I have yet to see an se-r (in person) that I would trade for my car.



Be happy with your GA16de and ignore the (few) assholes that tell you to "sell the ga16.."


----------



## Ickys SE-R (Sep 2, 2002)

I'm just sayin I got an SE-R and if I was going to put like $1000 into the engine I could get somethin like 200-250hp not "whp"..But on the other hand you would prob just break 200hp or less....But hey there are more than enough people to speculate on that one....

The SE-R's dont look that diff than your SE.I think mine just has side skirts..and the rims are diff....


----------



## se7enty7 (Jun 18, 2002)

err
"to put like $1000 into the engine I could get somethin like 200-250hp not "whp".."

uh.. huh..

http://bellsouthpwp.net/s/e/se7enty7/side.JPG

You mean it looks like that se-r?
Oh.. wait.. that's my se..


----------



## ReVerm (Jan 13, 2003)

Nico, Ickys is right (well, about the flywheel thing). You should definately have the flywheel resurfaced at least so the new clutch doesn't get worn oddly during burn-in. 

A new, lighter flywheel is more of a personal preference, I suppose. I, for one though, definately would like the money for one. Heel & toe takes so much effort on my car it's annoying.


----------



## se7enty7 (Jun 18, 2002)

a flywheel makes it easier to stall

it is a general consensus that it is better.. or cheaper.. to lighten the stock flywheel

keeping that in mind, you can buy a flywheel from autozone for $60.


----------



## Ickys SE-R (Sep 2, 2002)

se7enty7 said:


> *err
> "to put like $1000 into the engine I could get somethin like 200-250hp not "whp".."
> 
> uh.. huh..
> ...



???what you mean by that?


----------



## se7enty7 (Jun 18, 2002)

Okay. You say you can get 200-250 through the engine on a sr20.
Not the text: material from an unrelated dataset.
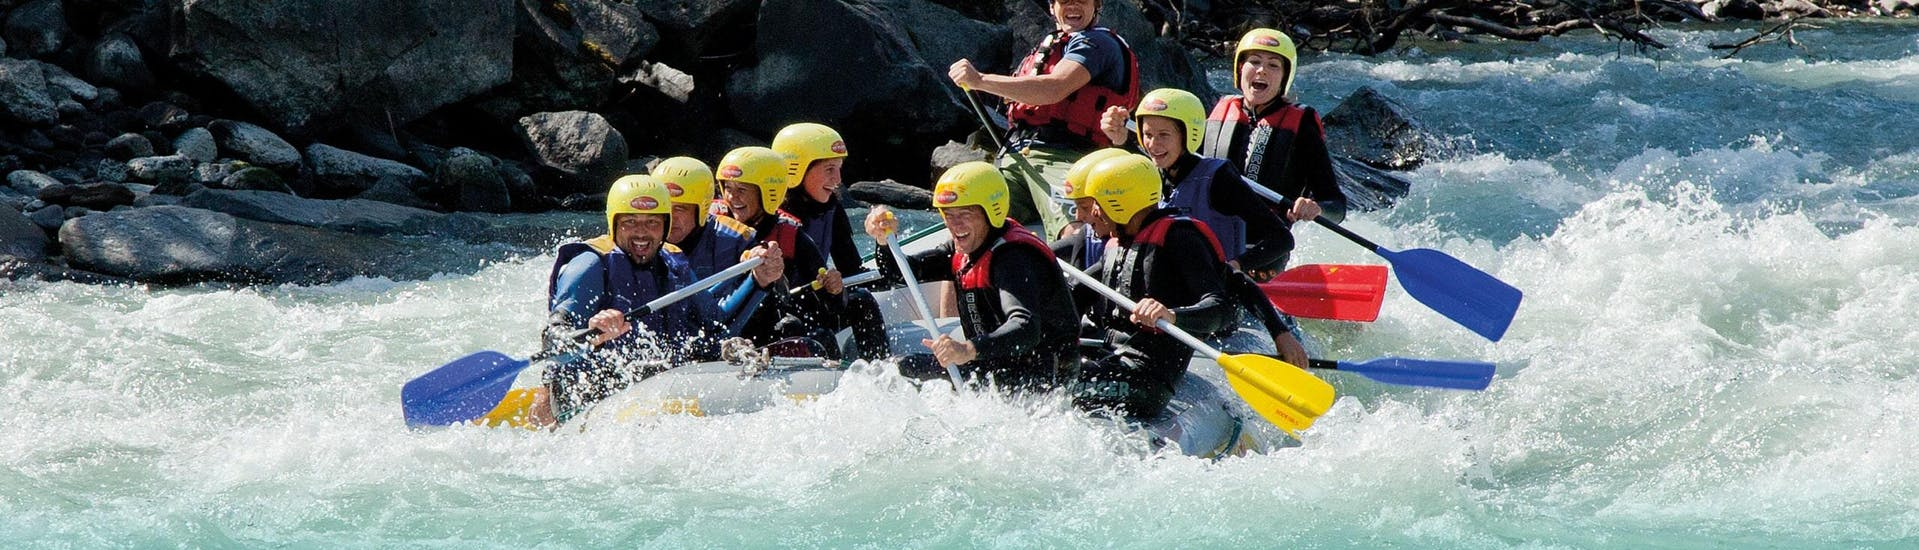 rafting-on-the-isel-river-for-beginners-adventure-park-osttirol-hero

other than no2, I call BS.

AND.. even with no2.. you can do that with a 100shot through a ga.


----------



## se7enty7 (Jun 18, 2002)

http://www.nissanforums.com/showthread.php?s=&threadid=21549

There's a recent thread that is talking exactly what we are discussing


----------



## kristinspapi (Aug 29, 2002)

*well...*

I am helping a friend replace the clutch on his audi and it's been quite a job. Next we plan and I need to replace my clutch. I picked up a OEM clutch and new clutch cable. My question becomes should I spend the time and money now to get an ACT clutch and a lightened flywheel. It seems the money saved in doing this myself woulf pay for the ACT set up and a lightened flywheel. Opinions? What flywheel should I lok to with an ACT street clutch? thanks. Pablo


----------



## zeno (Sep 17, 2002)

What is your goal w/ your car? Unless you are planning on going turbo or run no2, the stock clutch is more than capable of handling pretty much every bolt on available. An ACT clutch would certainly be nice but if I were you I would use that money to begin w/ upgrading the intake/header/exhaust and upgrade the clutch later down the road.

Also, no you don't have to buy a lightened flywheel. The reason most people buy a flywheel at the same time (like myself, waiting for the clutch in the mail) is that swapping a clutch is a huge pain in the ass and both the clutch and flywheel can be done at the same time. I certainly don't want to have to drop my tranny more than once.



> What flywheel should I lok to with an ACT street clutch?


You can't beat Fidanza, cheap and high quality. There is a couple for sale in the classified and over at sr20deforums.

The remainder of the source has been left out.